## Given material:
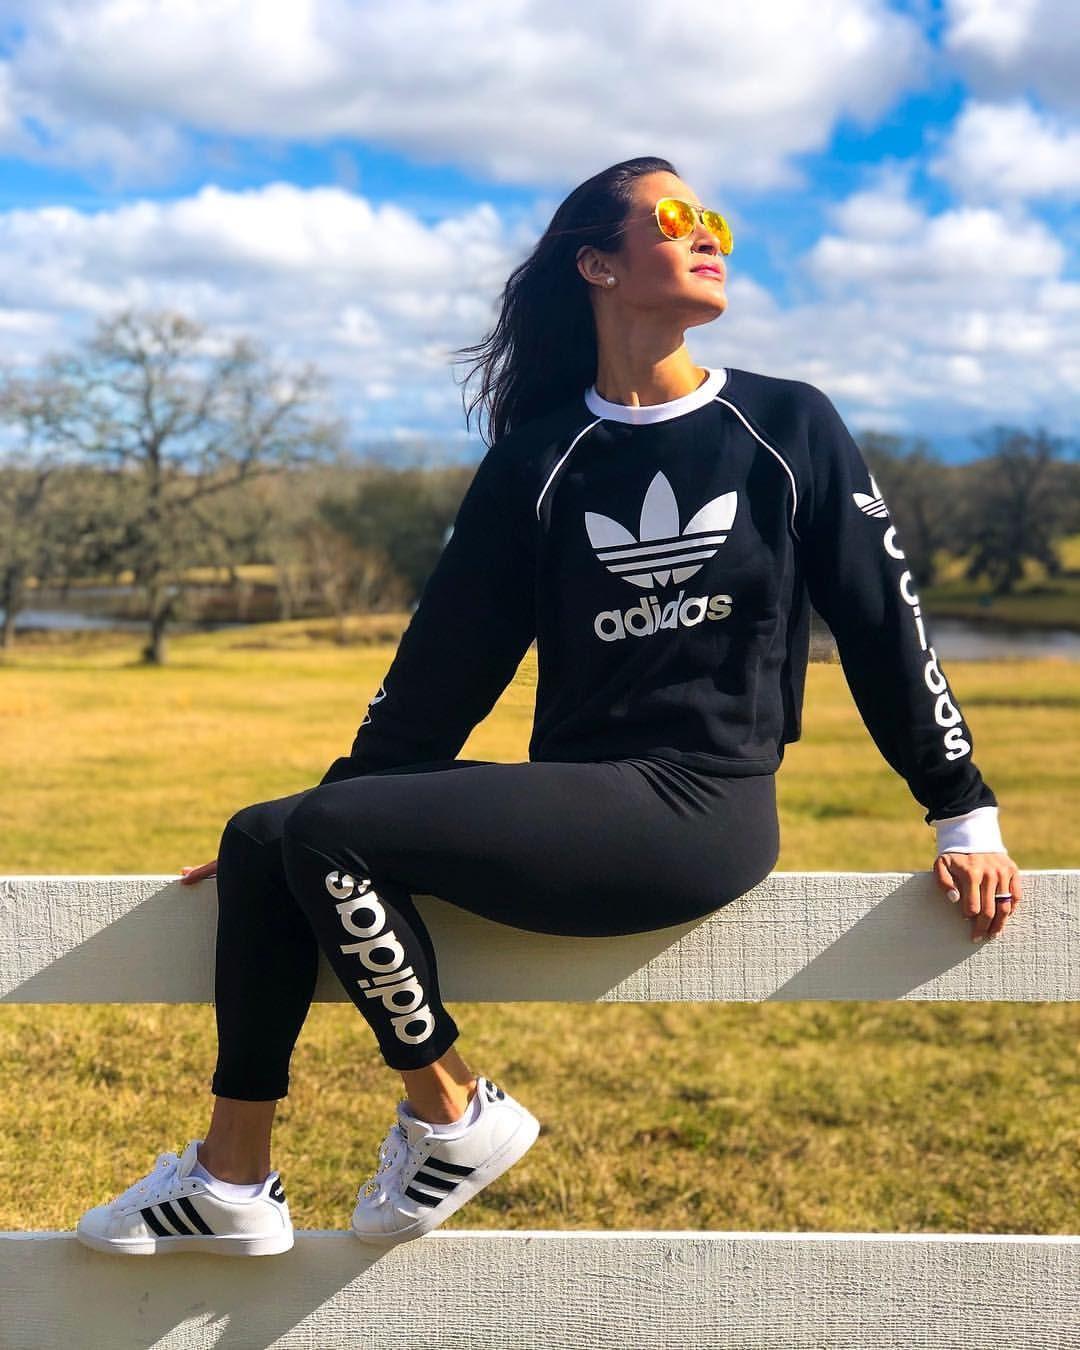 Adidas Adidas Leggings Adidas Sweatshirt Adidas Cloud Foam Shoes Ray Ban Sunglasses Black And White Ahtleisure Work Fitness Fashion Fashion Workout Wear [ 1350 x 1080 Pixel ]
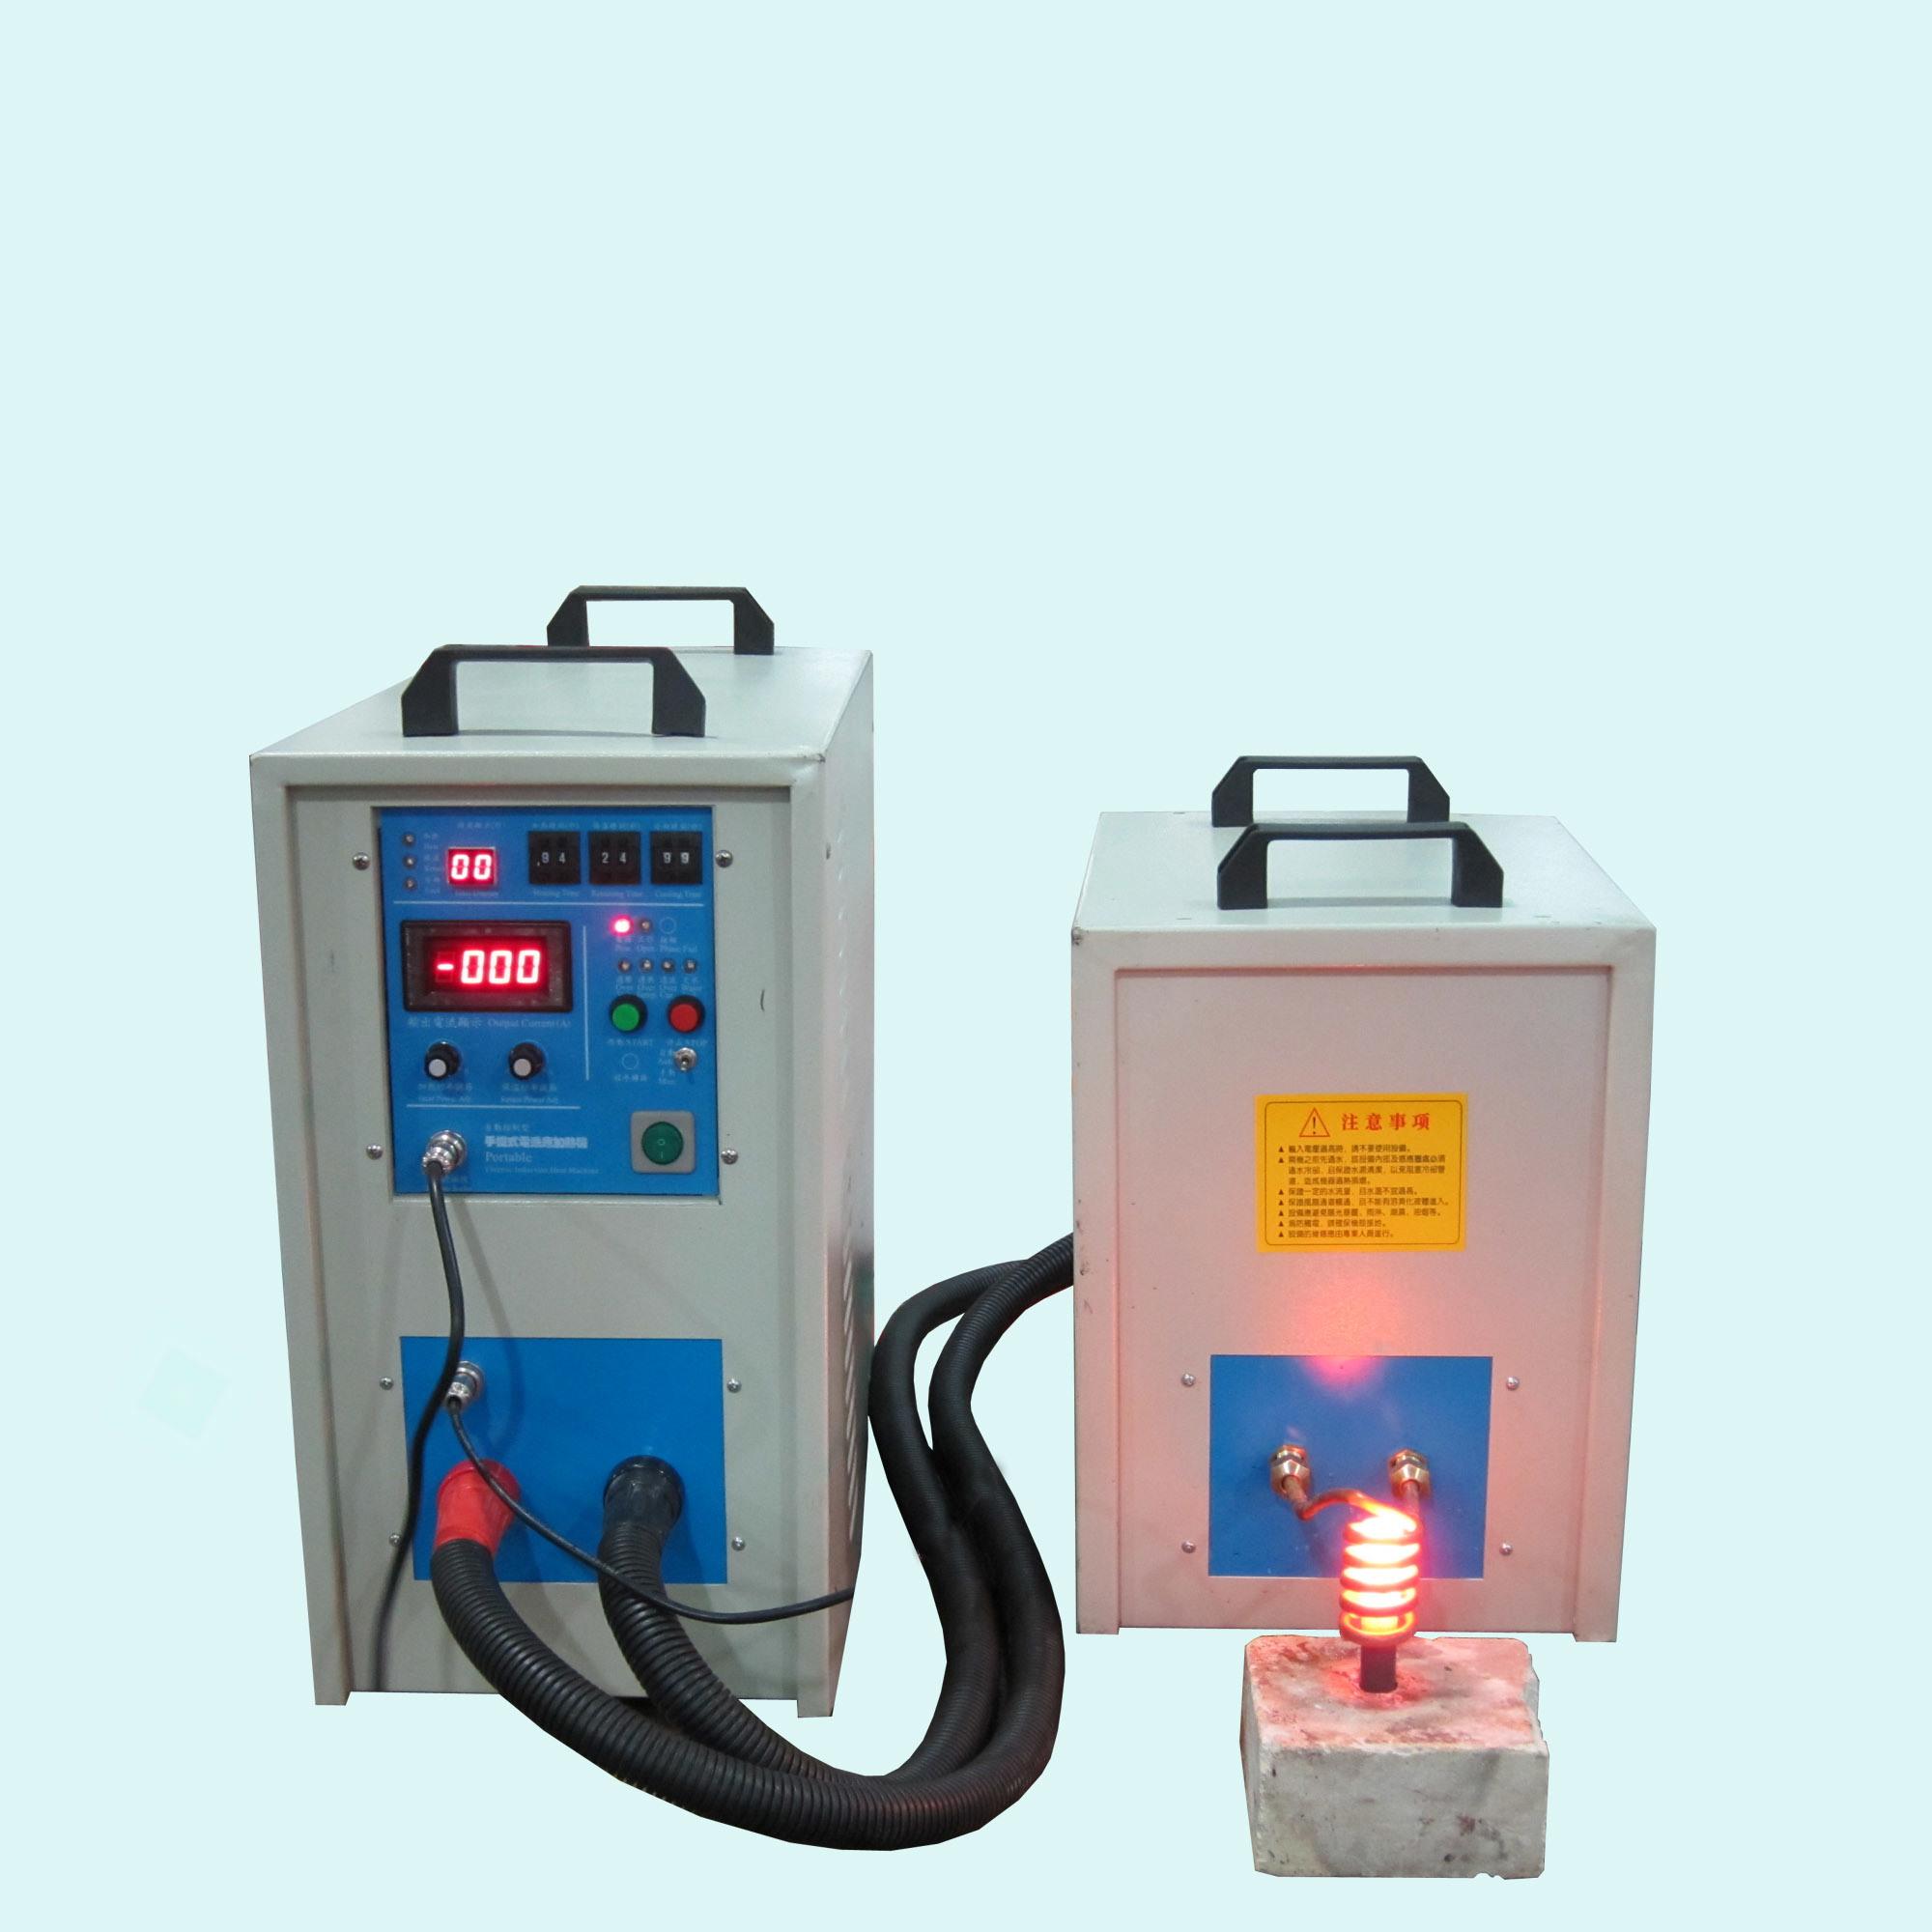 Induction Heating Equipment : China igbt induction heating equipment photos pictures
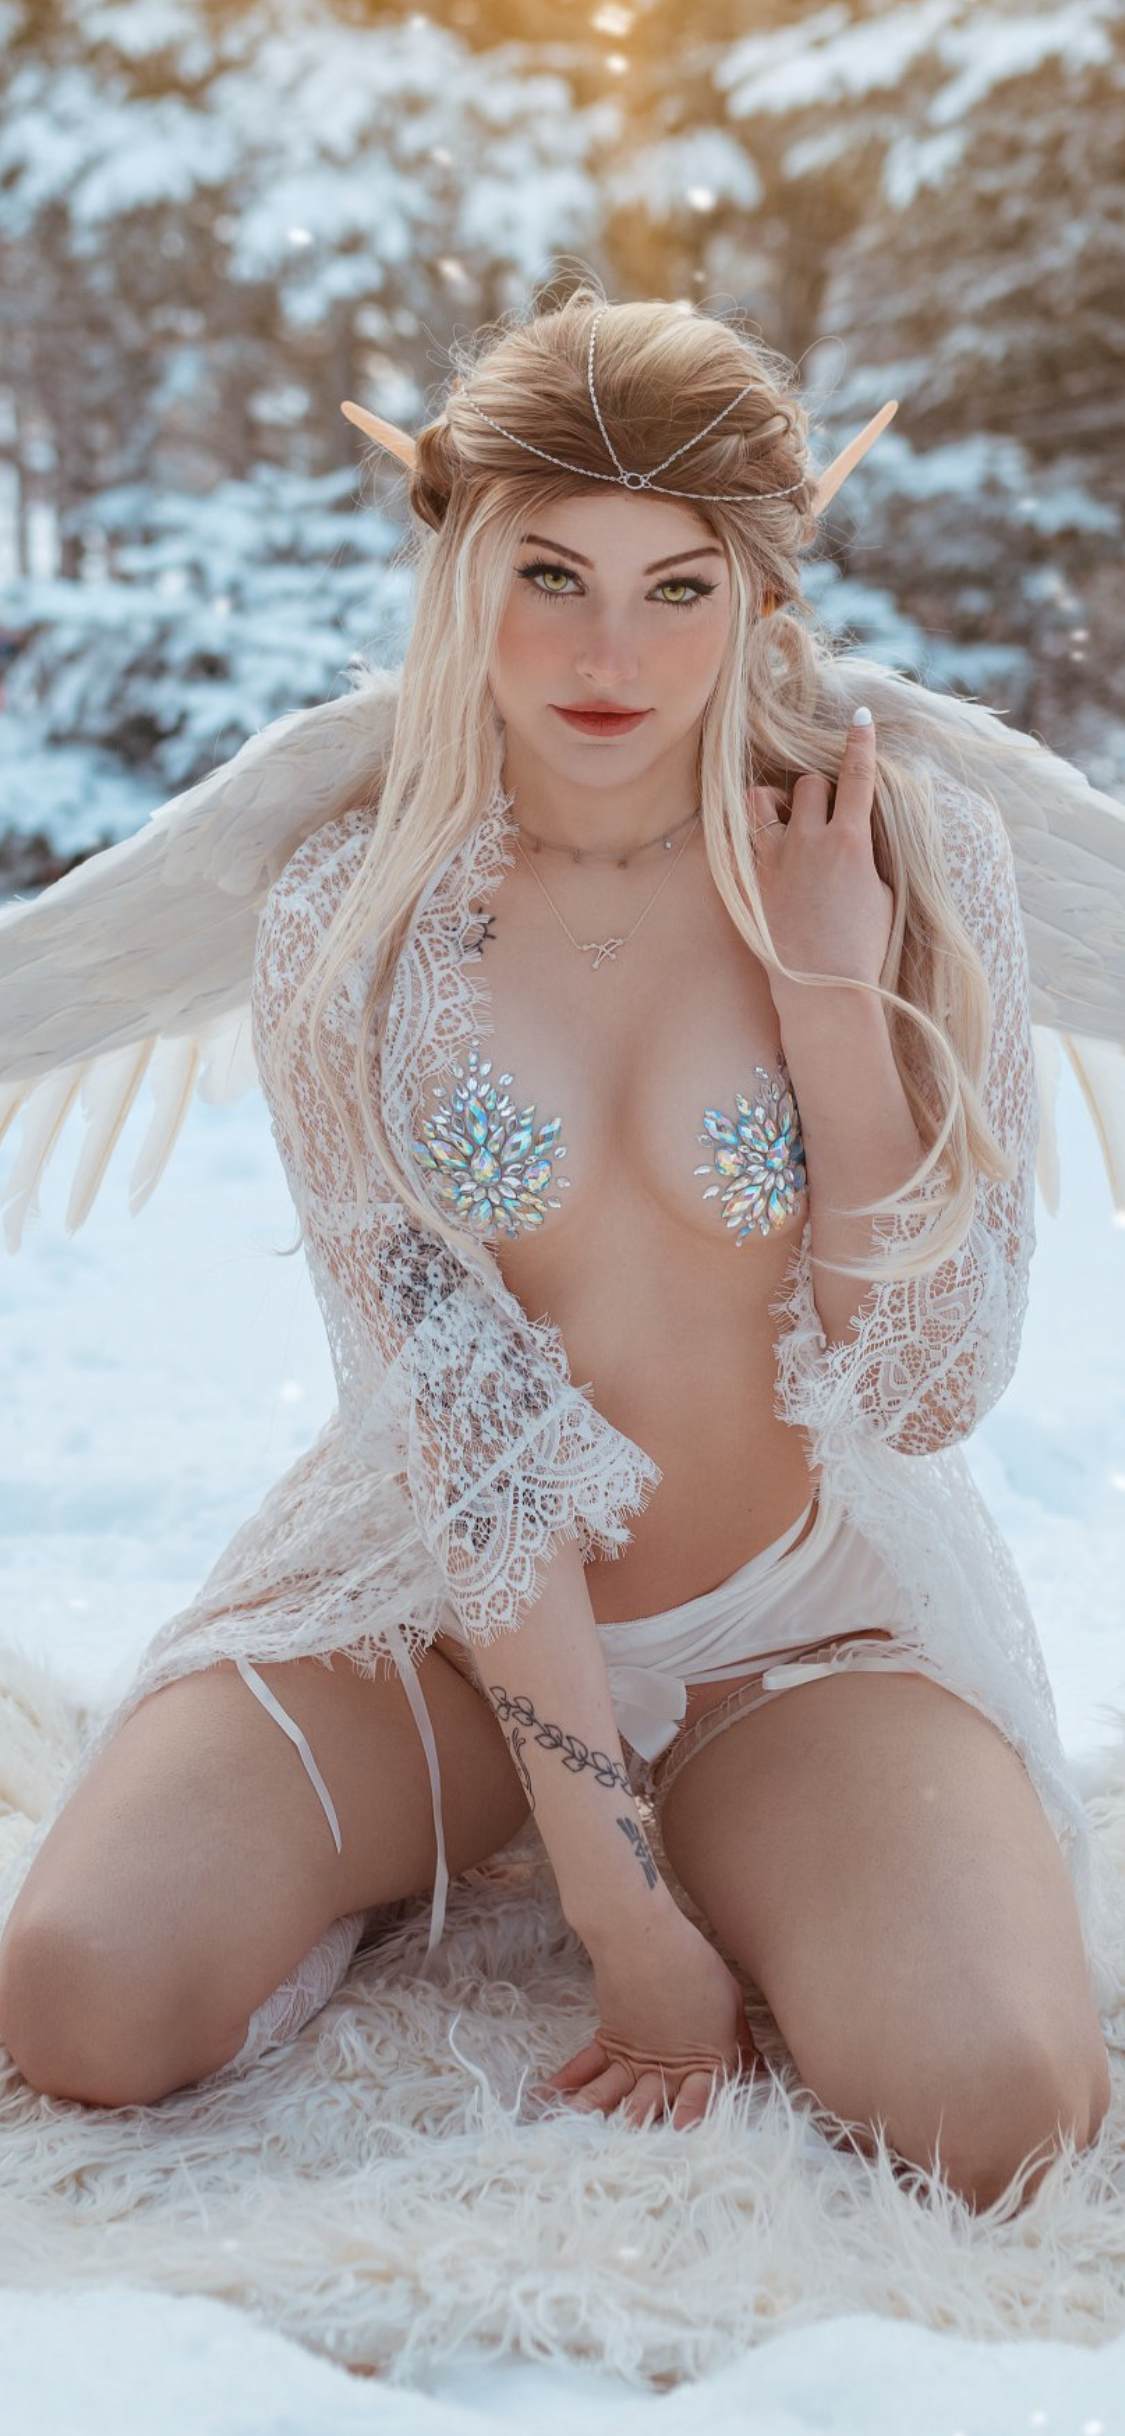 bikinis in snow Iwitness angels

## Task goal:
Return the material exactly as given above, picture-free.

## The answer:
 Adidas Adidas Leggings Adidas Sweatshirt Adidas Cloud Foam Shoes Ray Ban Sunglasses Black And White Ahtleisure Work Fitness Fashion Fashion Workout Wear [ 1350 x 1080 Pixel ]
 Induction Heating Equipment : China igbt induction heating equipment photos pictures
 bikinis in snow Iwitness angels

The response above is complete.